What’s Next for THCA in Wisconsin
The future of THCA legality in Wisconsin will likely reflect similar forces as those at play on the federal level. Namely, the ongoing conflict between various branches of government over the path forward for marijuana policies has left significant gray areas over the legality and legitimacy of certain uses of cannabis products. Until a new law is passed by the State Legislature, which seems unlikely in the near term, or a legal precedent is set that more clearly delineates when cannabis product use is appropriate, the status quo will carry forth, so long as neither side elects to get aggressive in enforcing their view of the legality of the situation.

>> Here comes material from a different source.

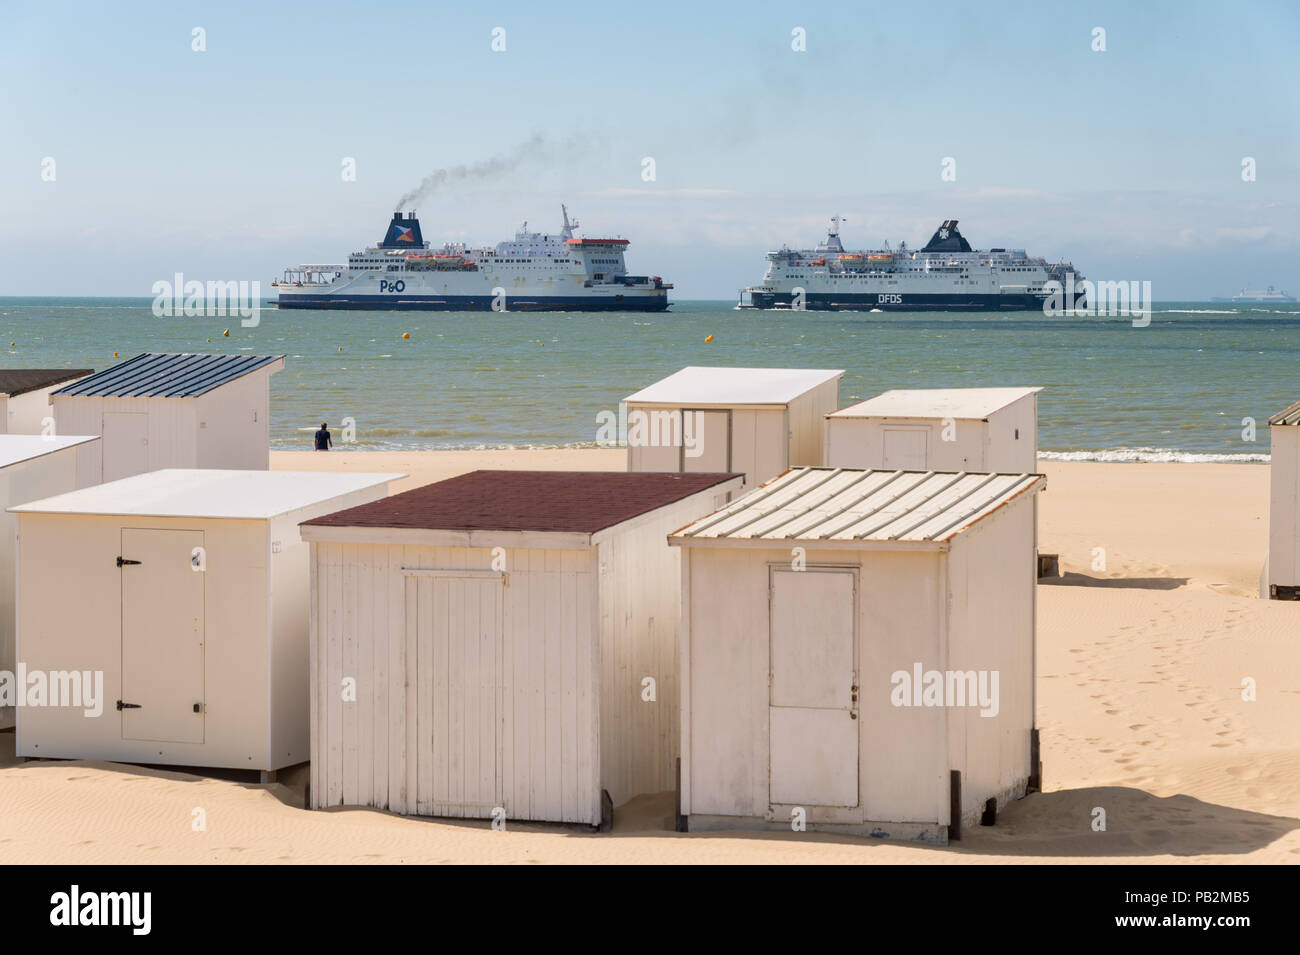 Calais, France - 19 juin 2018 : cabines de plage et DFDS / P&O ferries qui traversent la Manche. Banque D'Images

One area of focus will be how much of an impact advisory opinions such as that from the Department of Agriculture , Trade and Consumer Protection’s ("DATCP") carry in the eyes of the public and the courts. The DATCP’s view is that THCA flower is illegal in its raw form, but potentially legal if it undergoes a "manufacturing process". But note this does not make the product legal in every state that may have different laws on cannabis legality, nor does it indicate that the State Legislature believes that it is legal overall. Rather, the fact that the Department believes that its findings are right enough so as to warrant an opinion on them suggests that the State Legislature may be more amenable to these uses of THCA as the years go by, and that there will be more clarity on the subject not only in the courts, but also at the agency level.